It must be so hard working in a job where you often get called rude names, are constantly being asked questions by people who don't know as much as you, while trying to ensure that you are understood.
Too many people want your attention and you cop the flack when you get it wrong. You put up with all this and, no matter how hard you try to please people, you will never be popular.
Then there is talk of cutting the numbers to save money, increasing the workload and introducing performance-related pay. Figures on the ratio per 100,000 have been discussed. Apparently reducing the ratio will not affect performance but will save up to $15 million a year that could be used for other priorities. If there are fewer of you and more of them - with a large proportion of people clearly not interested in participating or listening to what you have to say, then your job might disappear - what do you do?
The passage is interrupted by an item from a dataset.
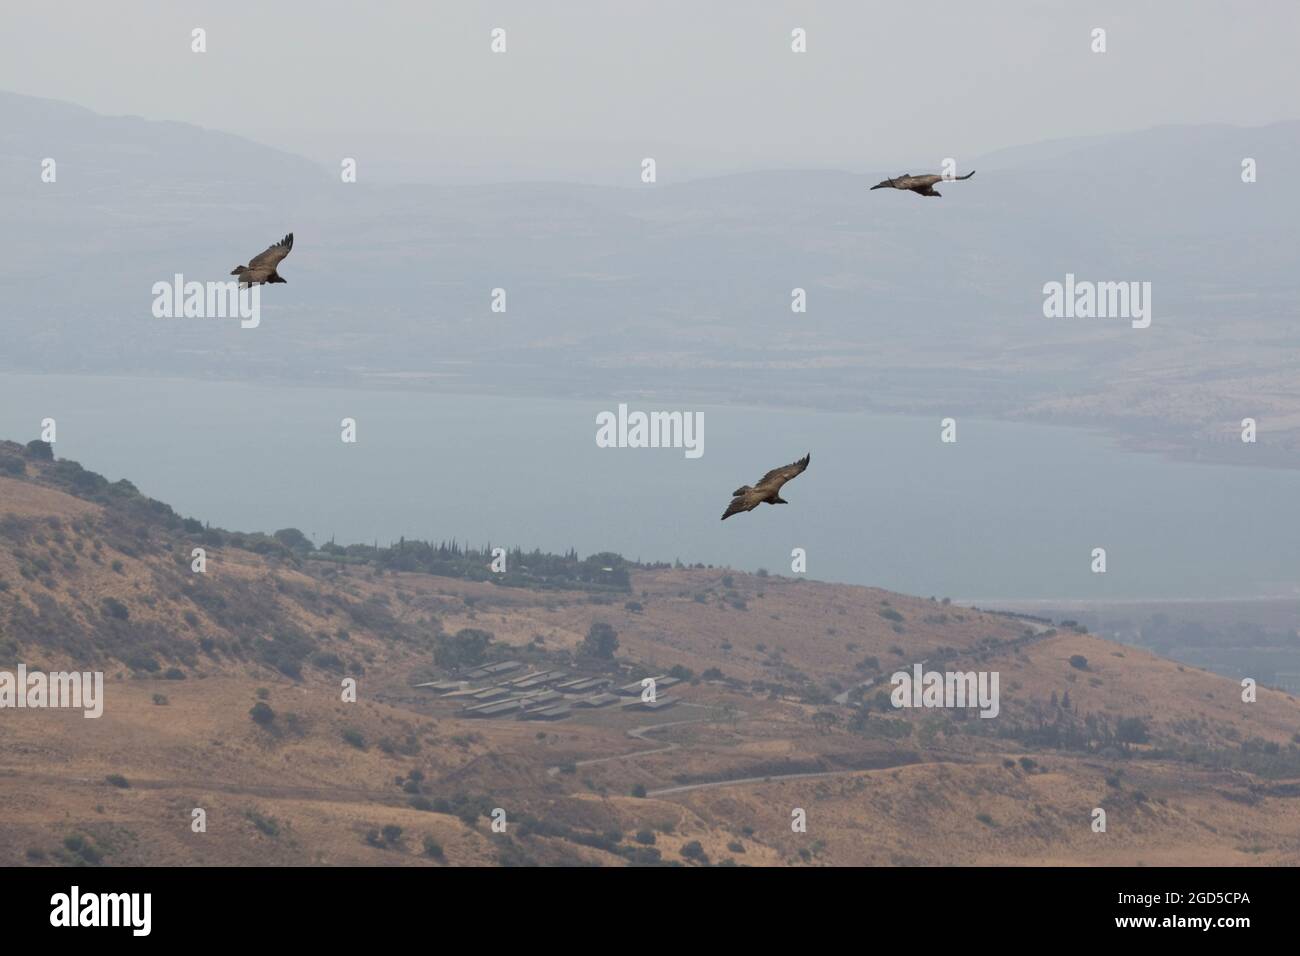 Gänsegeier (Gyps fulvus) im Flug. Fotografiert auf dem Berg Arbel das Galiläische Meer im Hintergrund Stockfoto

Nothing - because this ratio is about politicians not teachers. A referendum held in 1999 had 81.5 per cent voting for a reduction in the number of MPs, from 120 to 99. The voter turnout was 82.8 per cent. Reducing the number of politicians per voter ratio was found to have no effect on outcomes but could bring huge cost savings. The evidence is there in countries with much bigger populations. Canada has one MP per 100,000 people, Australia has 0.7. (Perhaps the other 0.3 was away on a junket or dining with a lobbyist).
In contrast, we have the National Government, acting on advice from Treasury (economists not educators) deciding to reduce the teacher/pupil ratio on the basis of shonky evidence and against most parents' wishes. Their reasoning is that this will not affect outcomes for children.